### RECORDED DATA:
==================================================

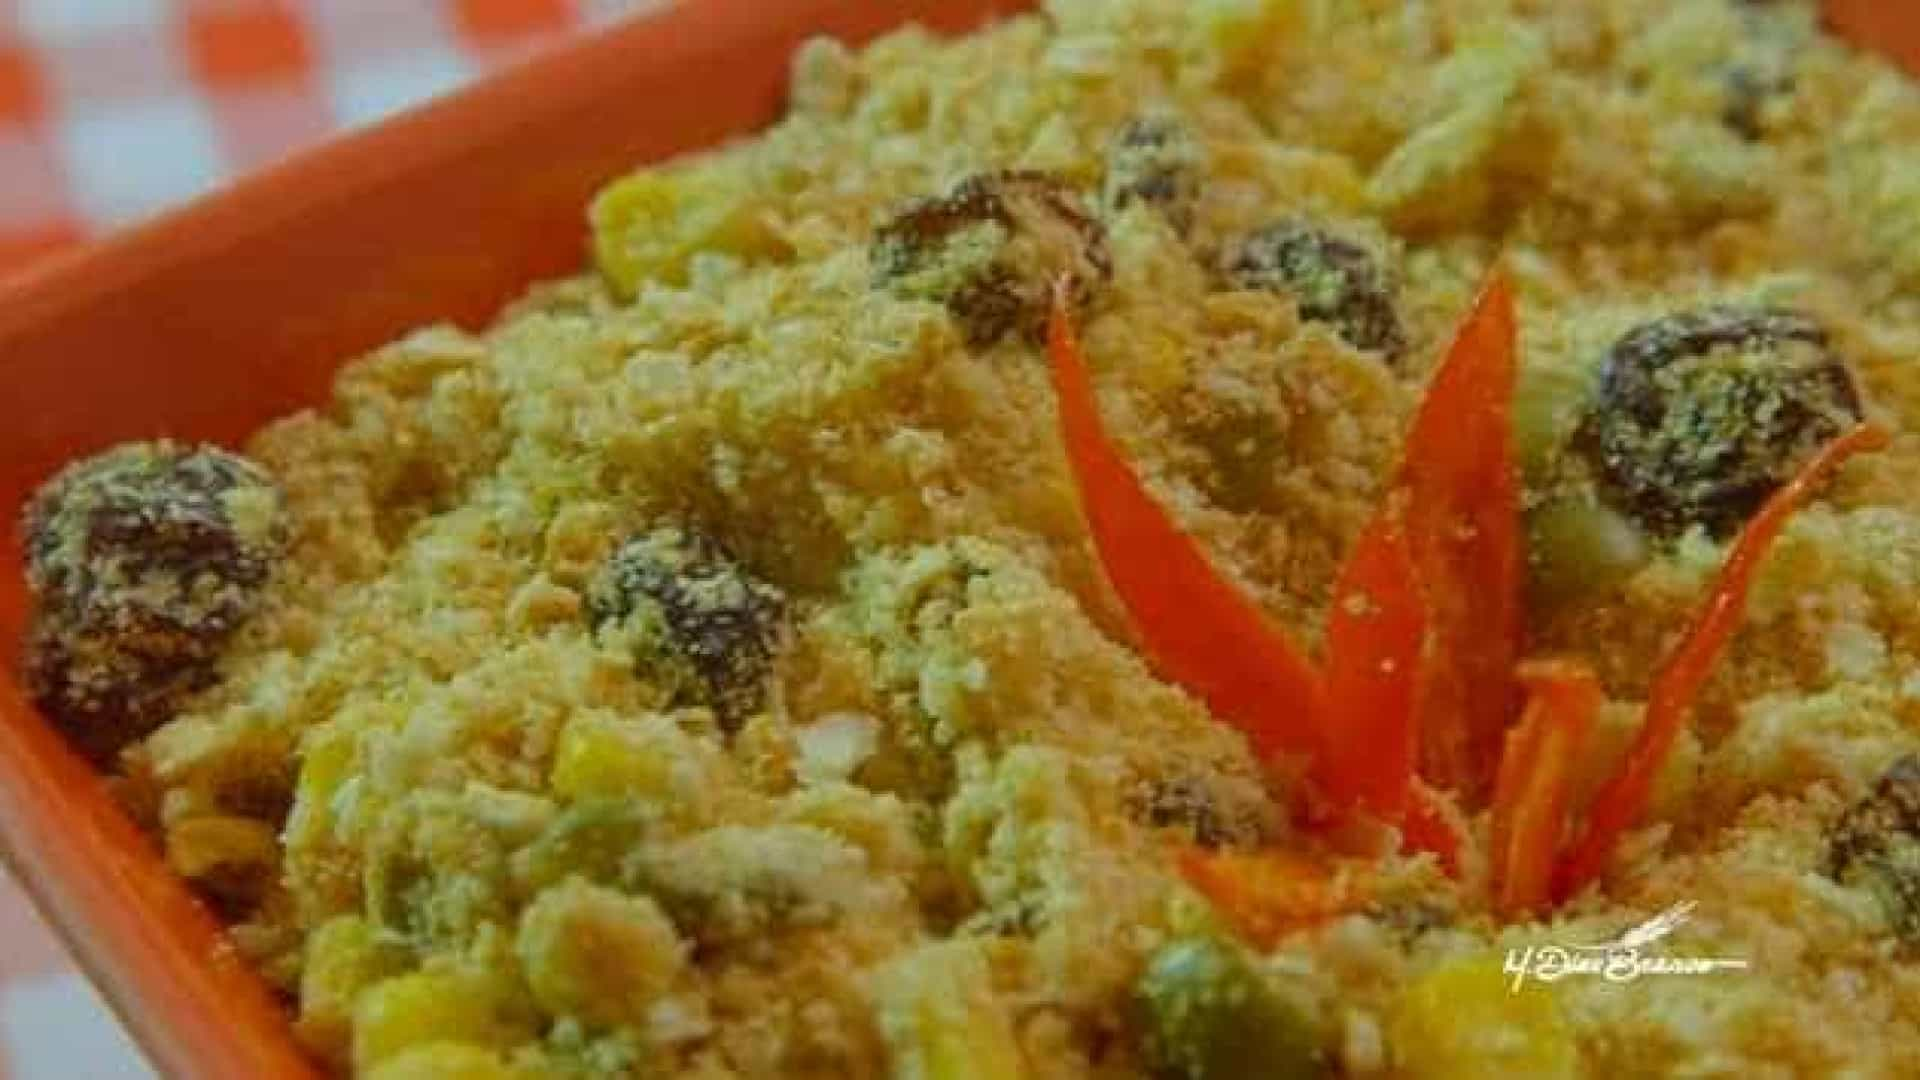 Entre no clima do Natal com deliciosa receita de farofa
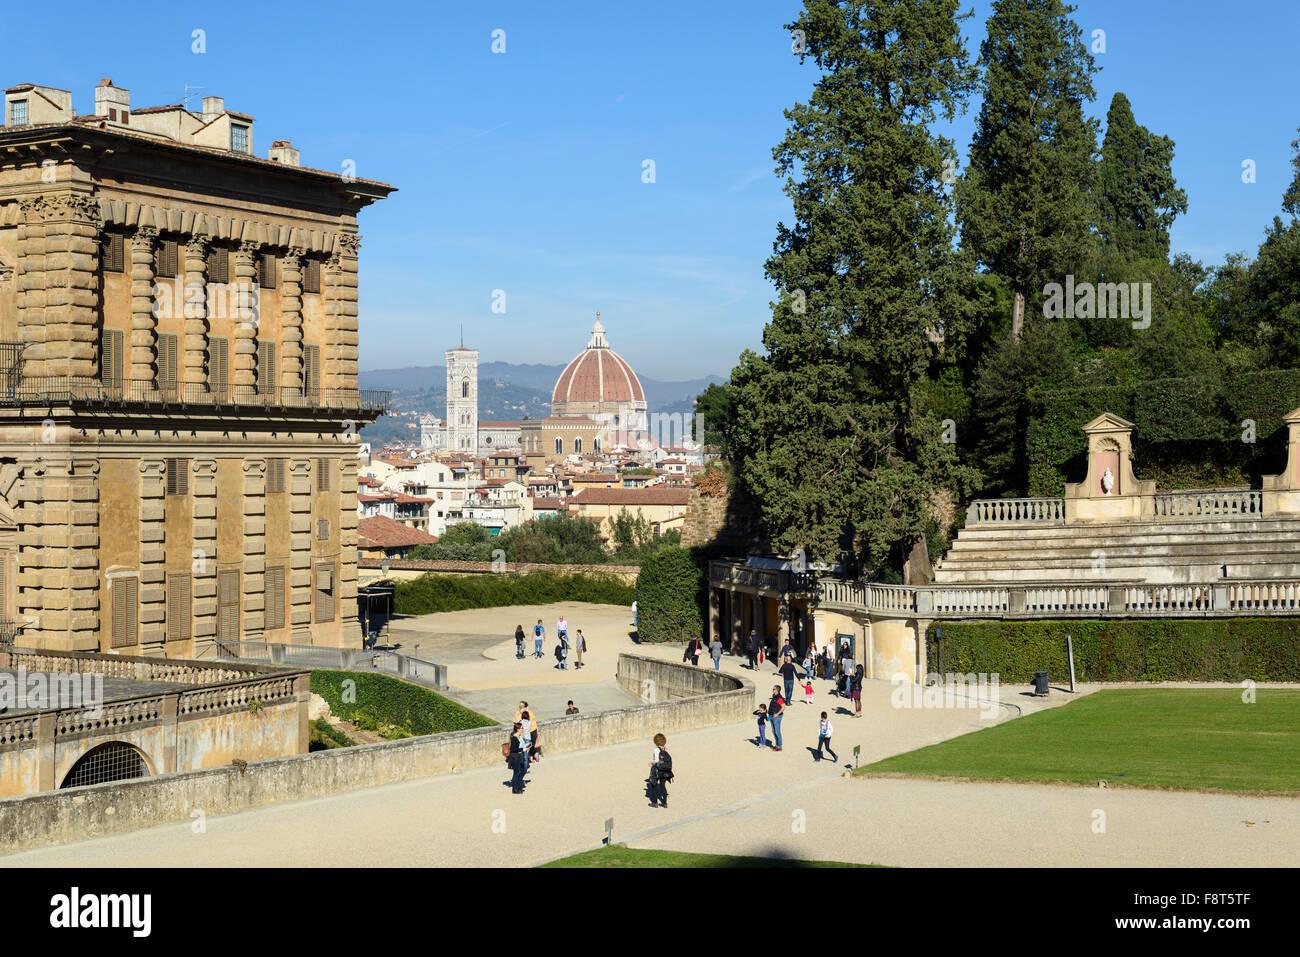 Florence. Italy. Pitti Palace & Boboli Gardens. - Stock Image
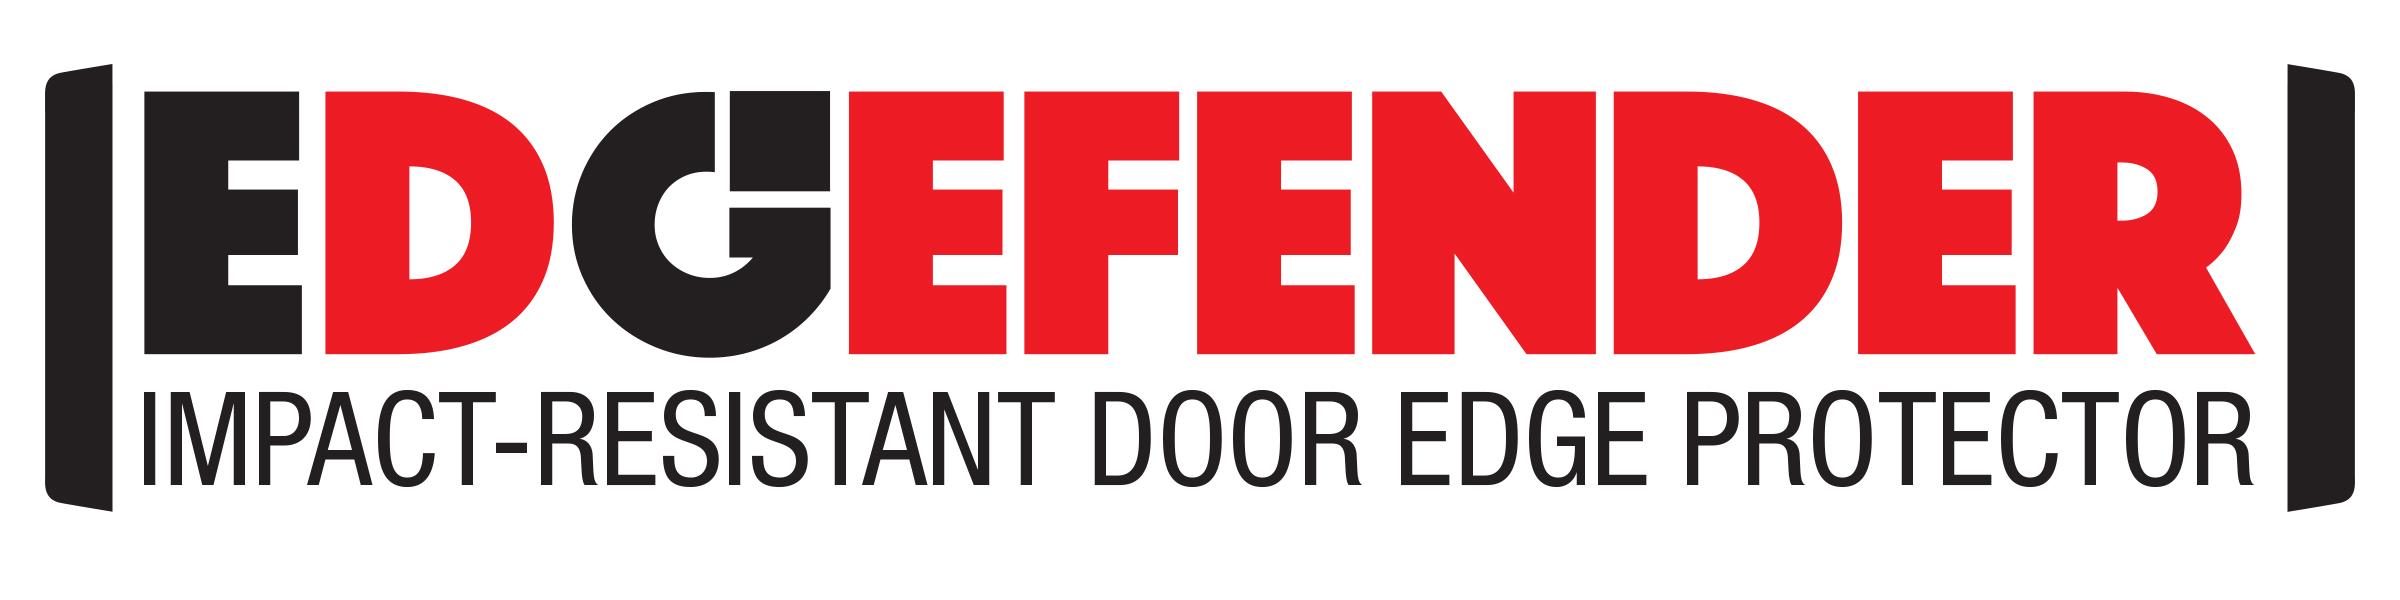 LAMBTON DOORS Edgefender Logo
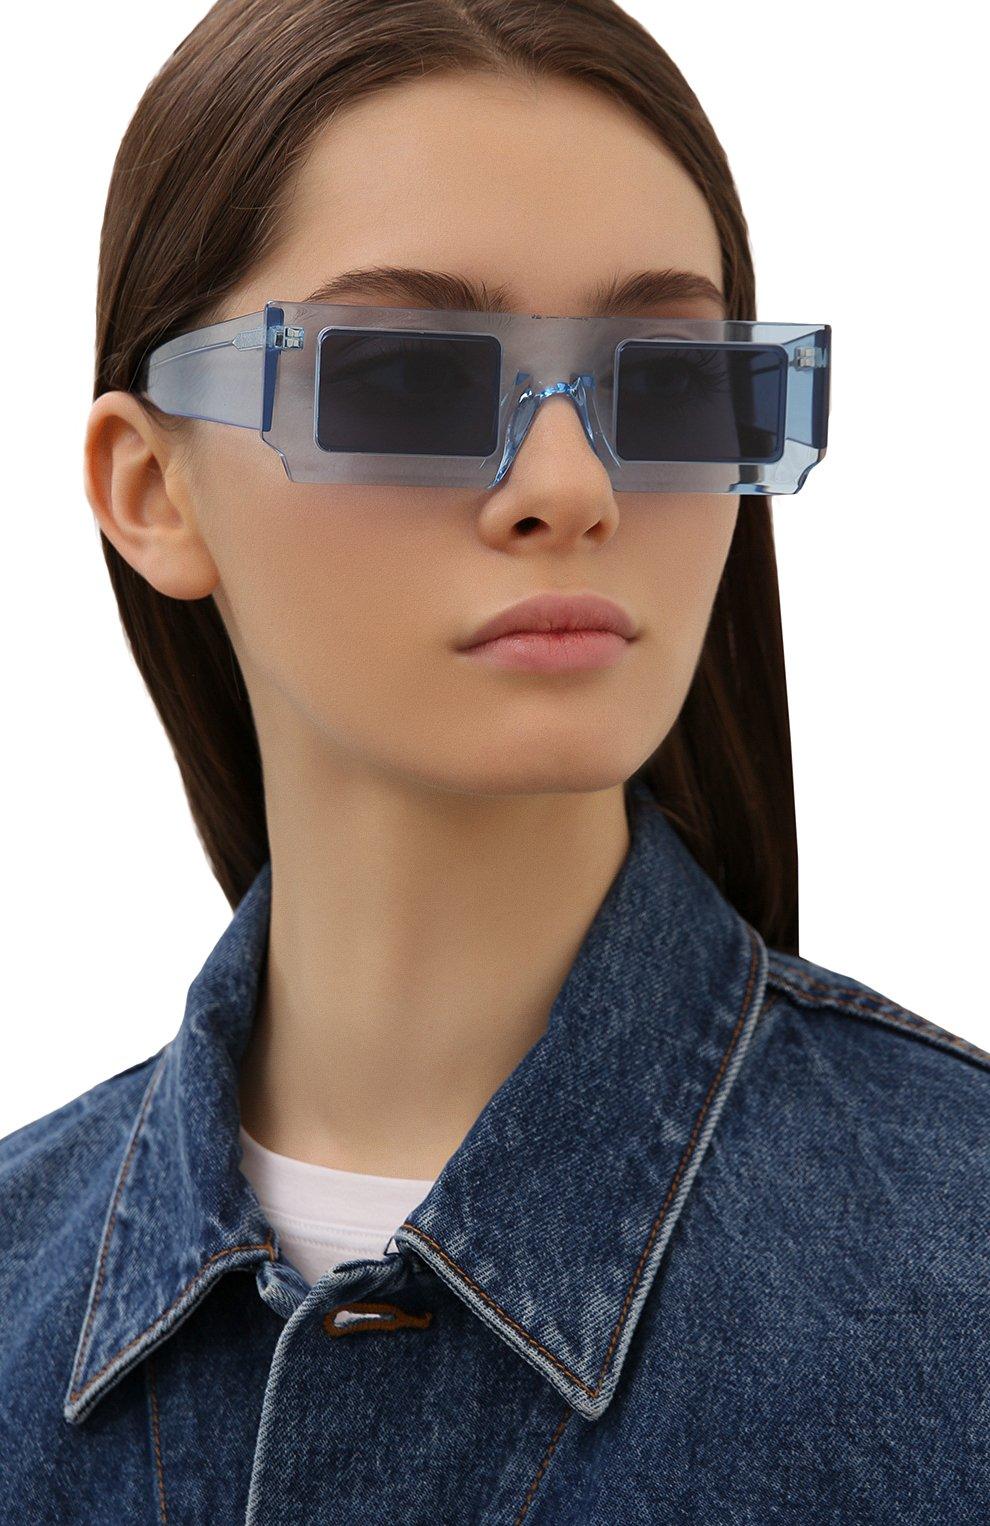 Женские солнцезащитные очки JACQUEMUS голубого цвета, арт. LES LUNETTES S0LEIL SHADE 0F BLUE | Фото 2

==================================================

### TASK REQUIREMENTS:
Start at the first line and set down all of the data exactly, passing over the pictures.

### REPLY:
 Entre no clima do Natal com deliciosa receita de farofa
 Florence. Italy. Pitti Palace & Boboli Gardens. - Stock Image
 LAMBTON DOORS Edgefender Logo
 Женские солнцезащитные очки JACQUEMUS голубого цвета, арт. LES LUNETTES S0LEIL SHADE 0F BLUE | Фото 2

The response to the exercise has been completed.